#### [Prompt]
The required result is each line of the entries below containing the string "Open".

[Collected data]
◆ ◆ ◆ ◆

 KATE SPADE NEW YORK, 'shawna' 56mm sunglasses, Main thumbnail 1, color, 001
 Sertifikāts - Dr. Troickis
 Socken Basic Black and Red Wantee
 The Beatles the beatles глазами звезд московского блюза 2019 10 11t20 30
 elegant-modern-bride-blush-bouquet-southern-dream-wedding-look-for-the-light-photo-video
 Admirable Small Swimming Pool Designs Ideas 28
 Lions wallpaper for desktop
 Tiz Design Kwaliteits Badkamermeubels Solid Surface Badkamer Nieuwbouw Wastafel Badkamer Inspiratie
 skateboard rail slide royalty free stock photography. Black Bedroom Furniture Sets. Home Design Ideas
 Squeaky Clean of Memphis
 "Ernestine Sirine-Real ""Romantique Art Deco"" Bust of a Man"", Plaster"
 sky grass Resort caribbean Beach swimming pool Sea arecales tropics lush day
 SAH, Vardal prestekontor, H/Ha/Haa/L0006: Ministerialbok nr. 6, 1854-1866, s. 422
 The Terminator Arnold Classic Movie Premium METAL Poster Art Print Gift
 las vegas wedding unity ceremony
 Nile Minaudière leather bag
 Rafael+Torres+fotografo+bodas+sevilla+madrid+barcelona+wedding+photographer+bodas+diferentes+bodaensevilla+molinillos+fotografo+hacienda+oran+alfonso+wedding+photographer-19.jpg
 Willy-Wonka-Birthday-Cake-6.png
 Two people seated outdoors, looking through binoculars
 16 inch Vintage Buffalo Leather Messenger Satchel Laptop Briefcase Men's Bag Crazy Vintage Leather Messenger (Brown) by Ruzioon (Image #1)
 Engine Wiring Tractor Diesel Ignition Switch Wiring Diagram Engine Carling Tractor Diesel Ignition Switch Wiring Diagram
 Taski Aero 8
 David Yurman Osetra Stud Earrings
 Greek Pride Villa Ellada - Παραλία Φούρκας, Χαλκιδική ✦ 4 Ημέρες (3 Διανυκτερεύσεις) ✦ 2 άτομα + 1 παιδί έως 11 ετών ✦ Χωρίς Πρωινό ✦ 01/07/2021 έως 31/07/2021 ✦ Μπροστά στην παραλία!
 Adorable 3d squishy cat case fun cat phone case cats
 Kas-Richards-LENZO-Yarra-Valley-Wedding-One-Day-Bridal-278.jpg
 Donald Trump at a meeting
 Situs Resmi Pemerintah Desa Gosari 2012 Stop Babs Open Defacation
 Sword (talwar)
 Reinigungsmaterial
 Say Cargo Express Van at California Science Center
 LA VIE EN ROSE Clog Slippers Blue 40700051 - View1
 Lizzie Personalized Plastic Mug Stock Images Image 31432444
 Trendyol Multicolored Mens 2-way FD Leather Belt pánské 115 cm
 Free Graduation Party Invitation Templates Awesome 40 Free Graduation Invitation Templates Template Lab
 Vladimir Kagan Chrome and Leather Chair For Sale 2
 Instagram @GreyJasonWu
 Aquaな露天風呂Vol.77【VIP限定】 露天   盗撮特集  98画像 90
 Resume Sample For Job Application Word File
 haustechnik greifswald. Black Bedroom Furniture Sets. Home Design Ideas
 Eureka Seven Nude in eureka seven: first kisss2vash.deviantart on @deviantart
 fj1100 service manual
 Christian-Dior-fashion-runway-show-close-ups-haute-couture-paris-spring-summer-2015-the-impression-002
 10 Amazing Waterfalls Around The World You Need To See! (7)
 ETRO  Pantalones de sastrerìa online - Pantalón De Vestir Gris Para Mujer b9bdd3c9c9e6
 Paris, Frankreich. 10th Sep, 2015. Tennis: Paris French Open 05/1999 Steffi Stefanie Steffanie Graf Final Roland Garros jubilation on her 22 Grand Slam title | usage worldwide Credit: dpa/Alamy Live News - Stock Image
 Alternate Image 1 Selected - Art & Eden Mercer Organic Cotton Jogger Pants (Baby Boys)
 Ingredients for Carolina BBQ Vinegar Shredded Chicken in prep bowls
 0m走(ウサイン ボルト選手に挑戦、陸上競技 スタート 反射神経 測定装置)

◆ ◆ ◆ ◆

#### [Task answer]
 Situs Resmi Pemerintah Desa Gosari 2012 Stop Babs Open Defacation
 Paris, Frankreich. 10th Sep, 2015. Tennis: Paris French Open 05/1999 Steffi Stefanie Steffanie Graf Final Roland Garros jubilation on her 22 Grand Slam title | usage worldwide Credit: dpa/Alamy Live News - Stock Image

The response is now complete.